▶ Aim of the task: None of the images should appear in your copy. Transcribe the data in full.

▶ Given material:

-*-

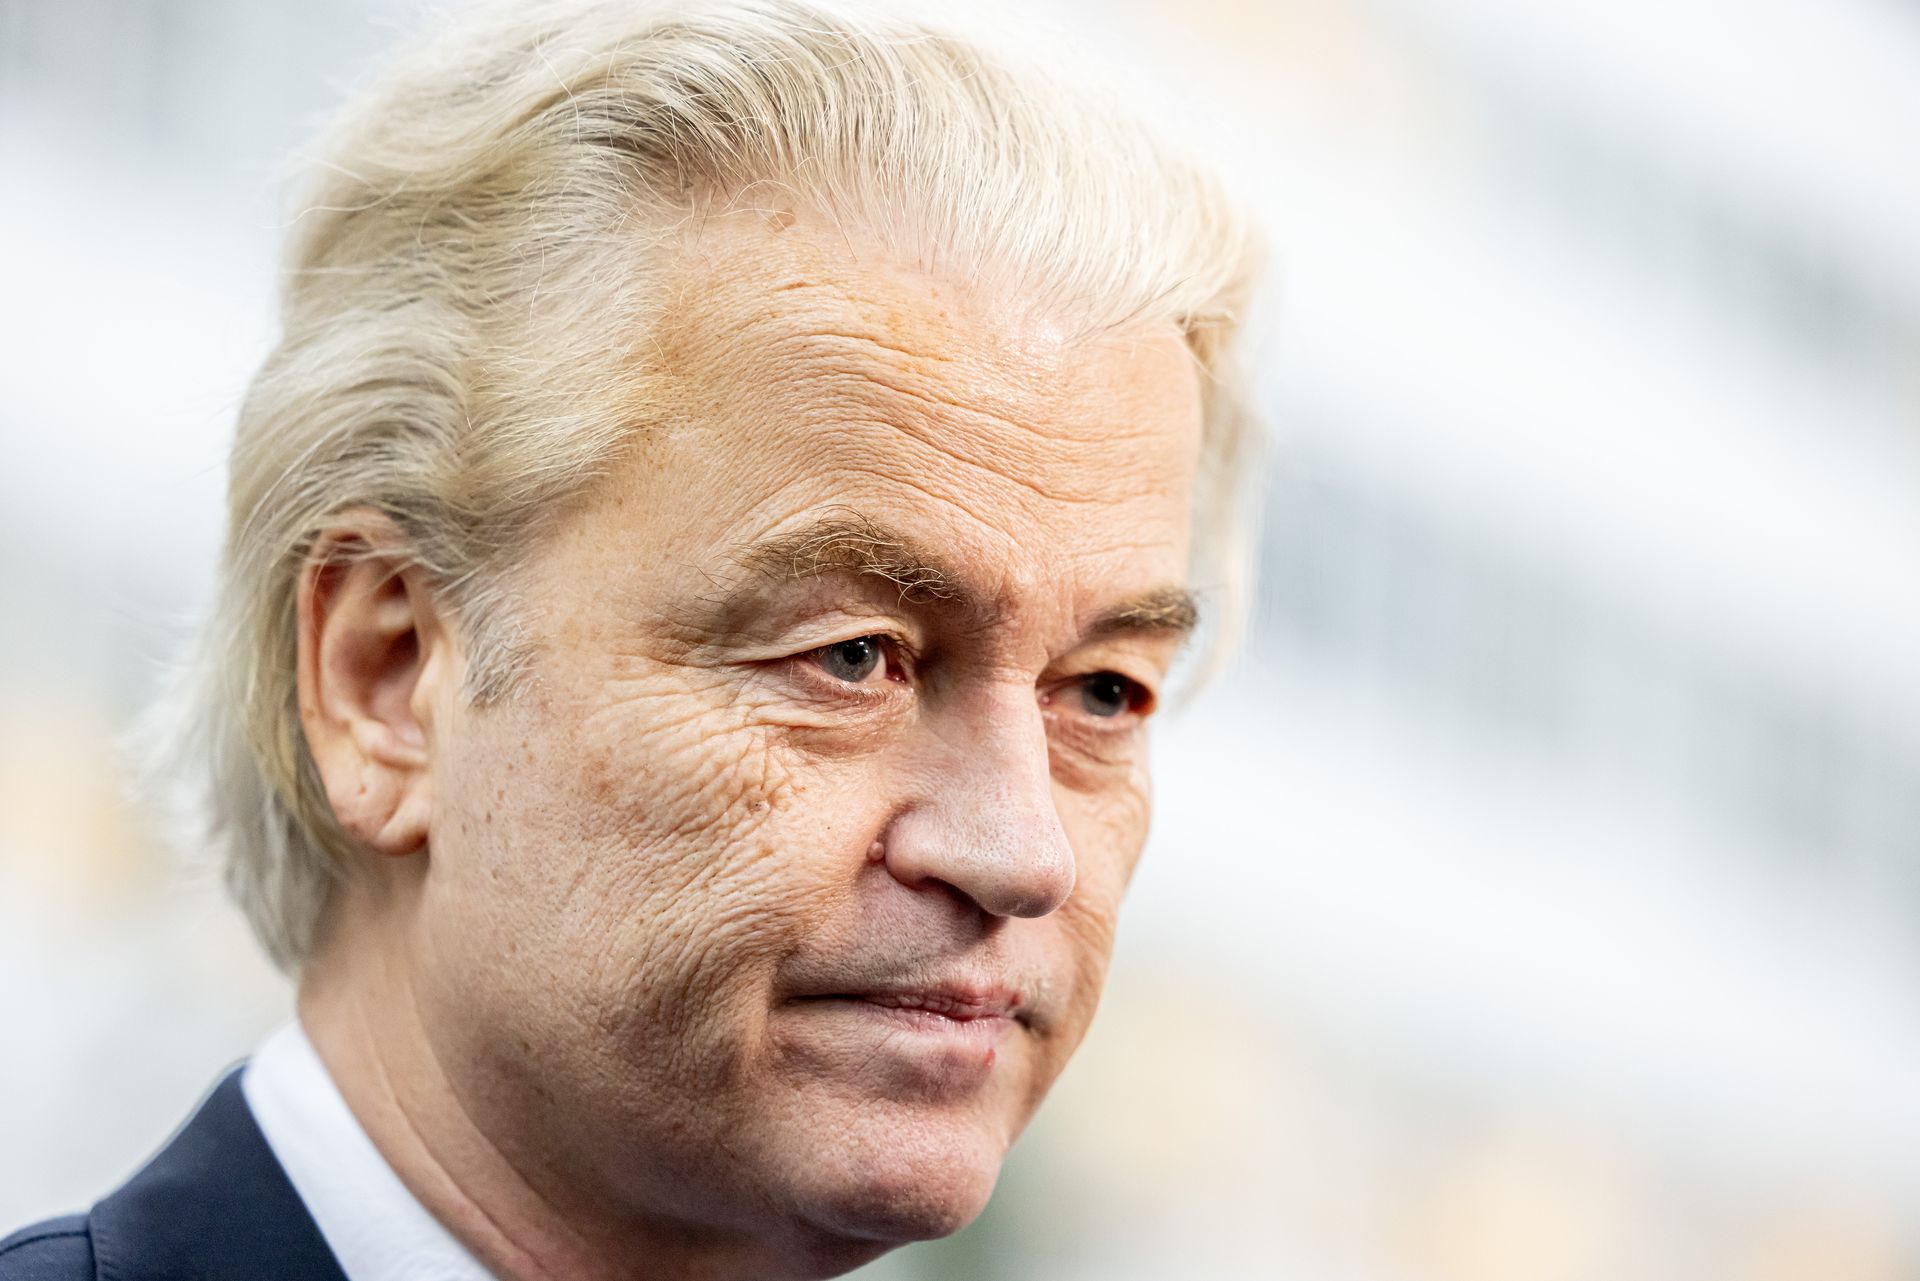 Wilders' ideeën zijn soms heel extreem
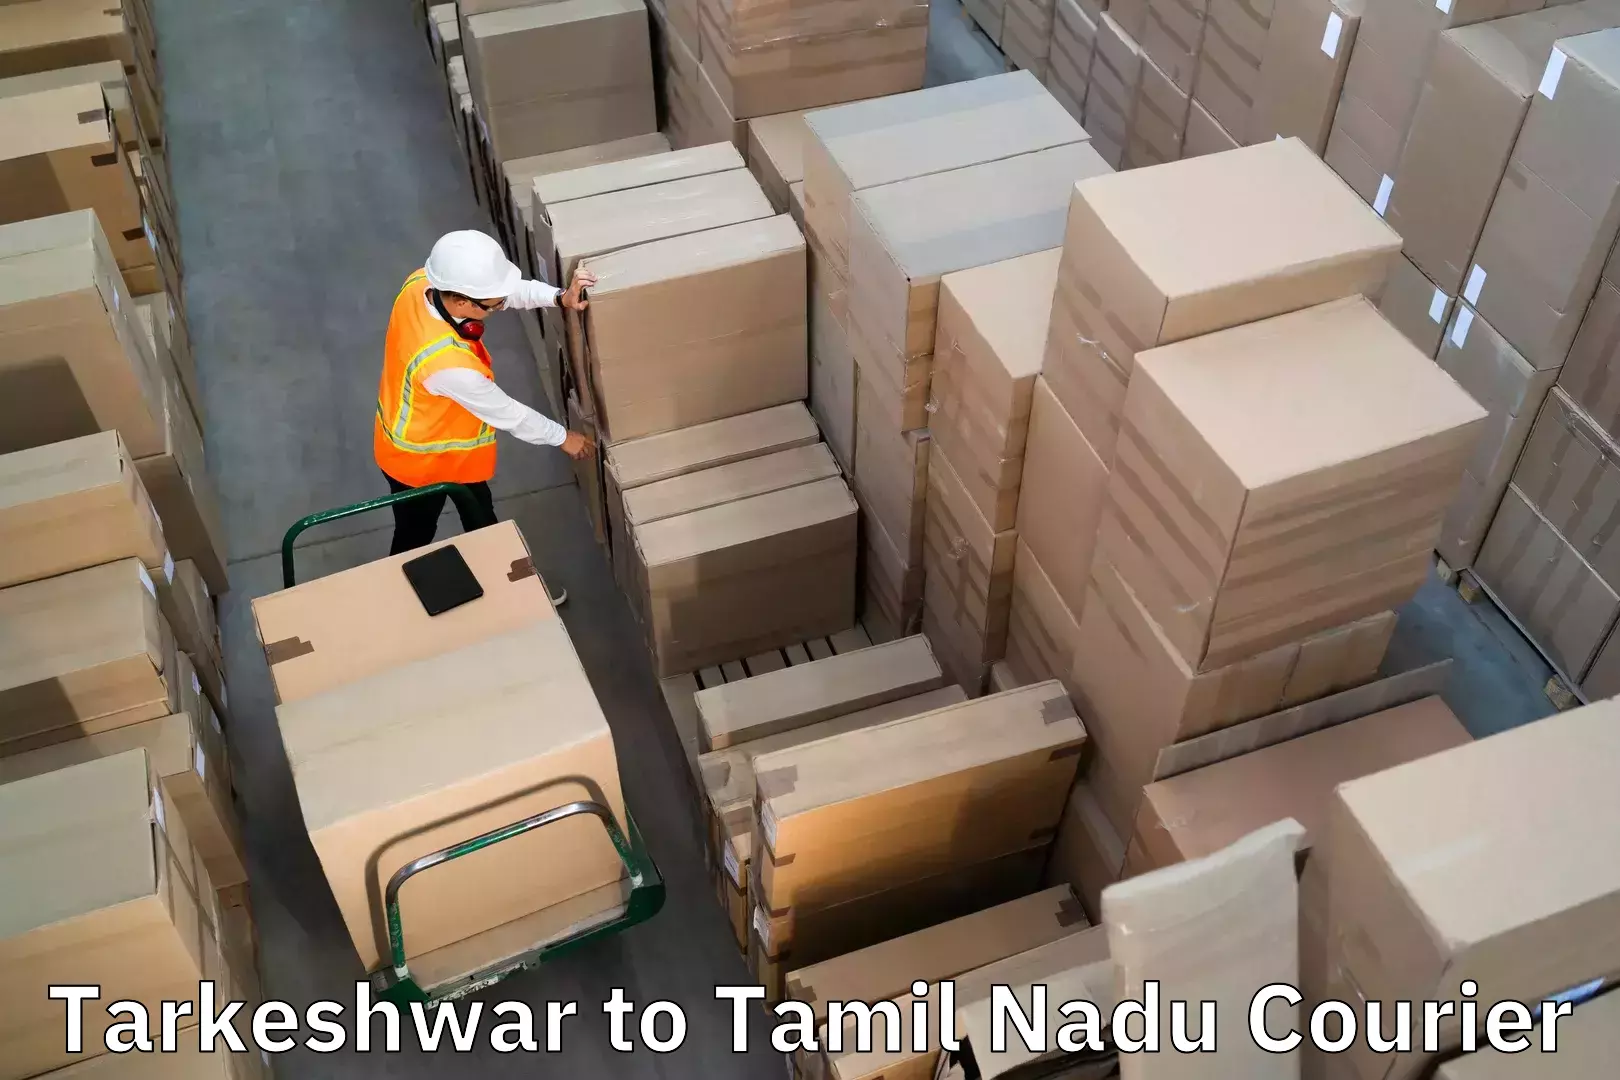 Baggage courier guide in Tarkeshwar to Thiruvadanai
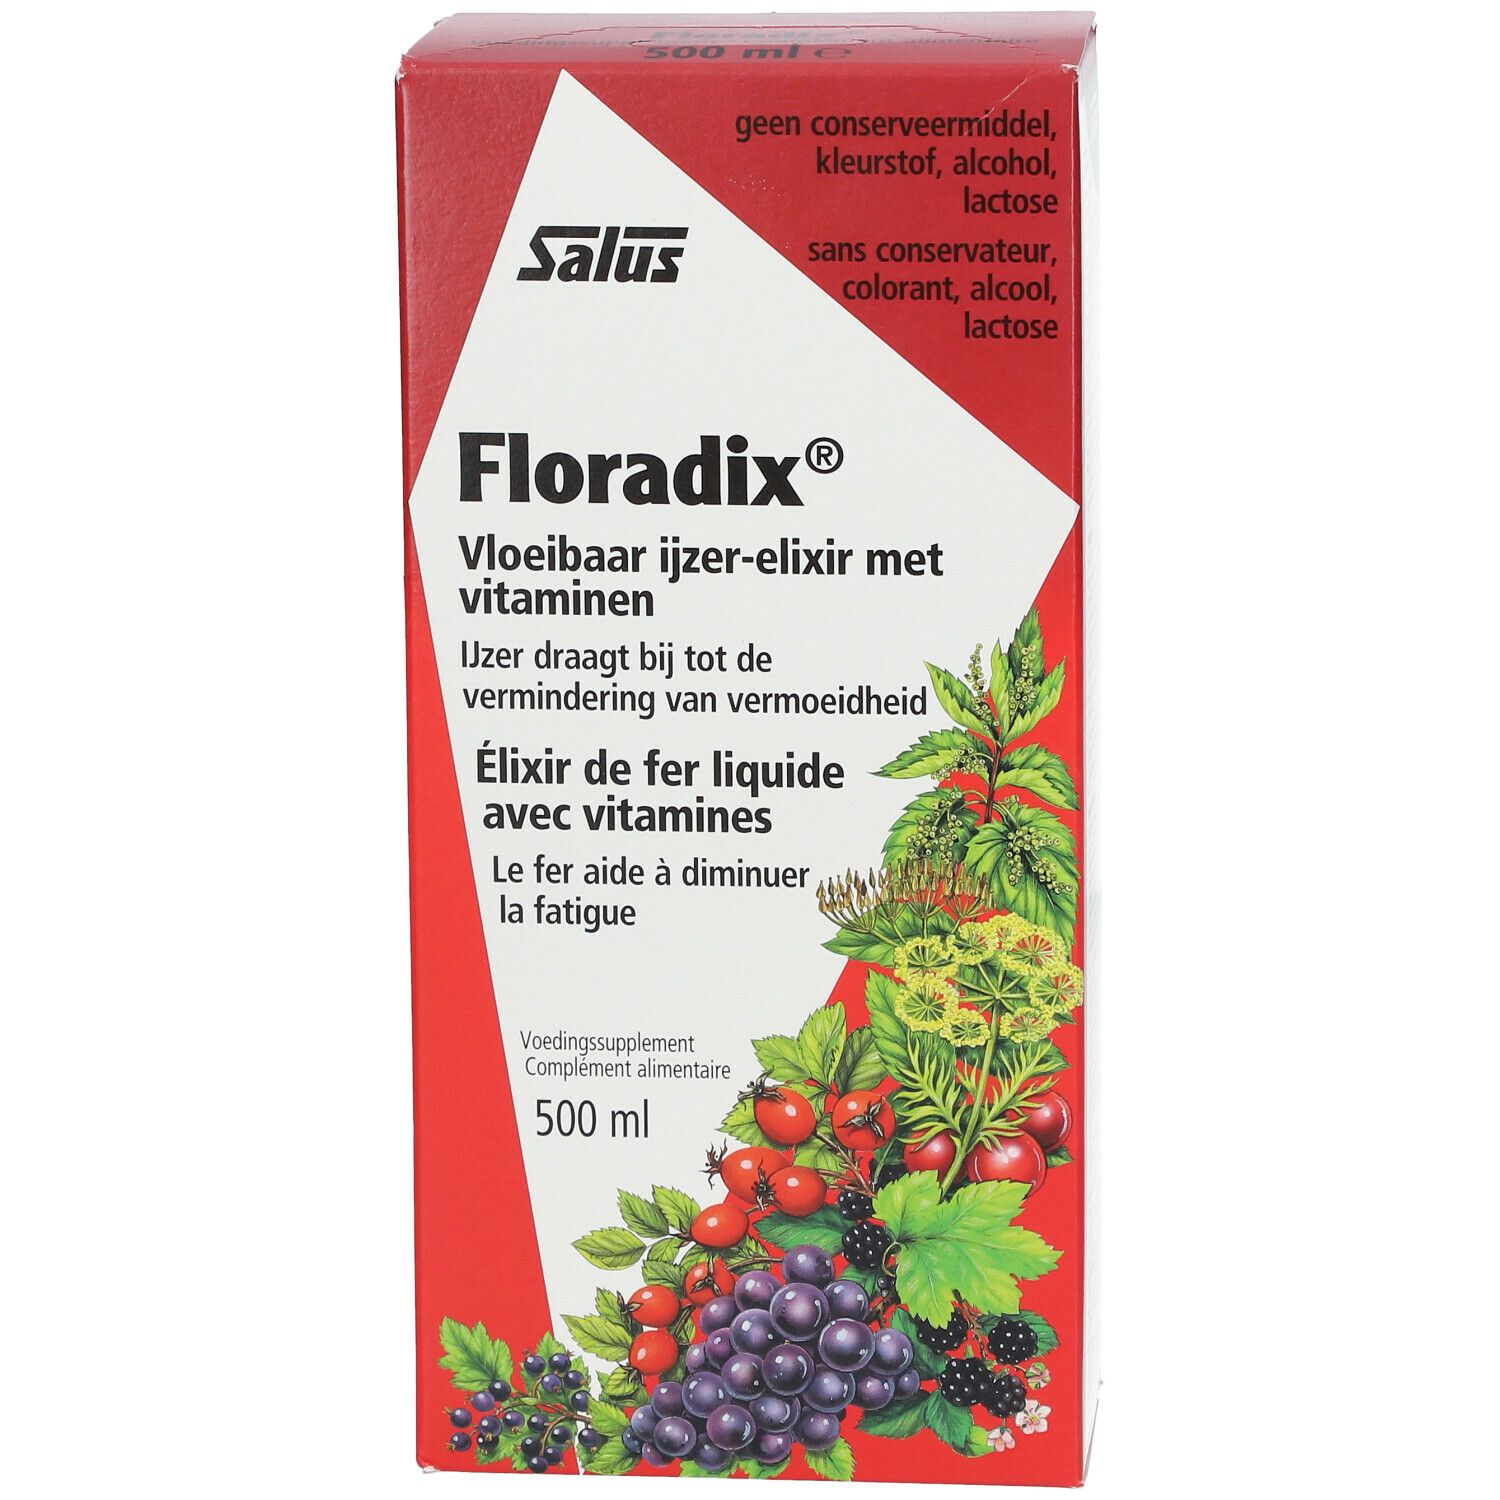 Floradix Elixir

-*-

▶ Solution for this task:
 Wilders' ideeën zijn soms heel extreem
 Baggage courier guide in Tarkeshwar to Thiruvadanai
 Floradix Elixir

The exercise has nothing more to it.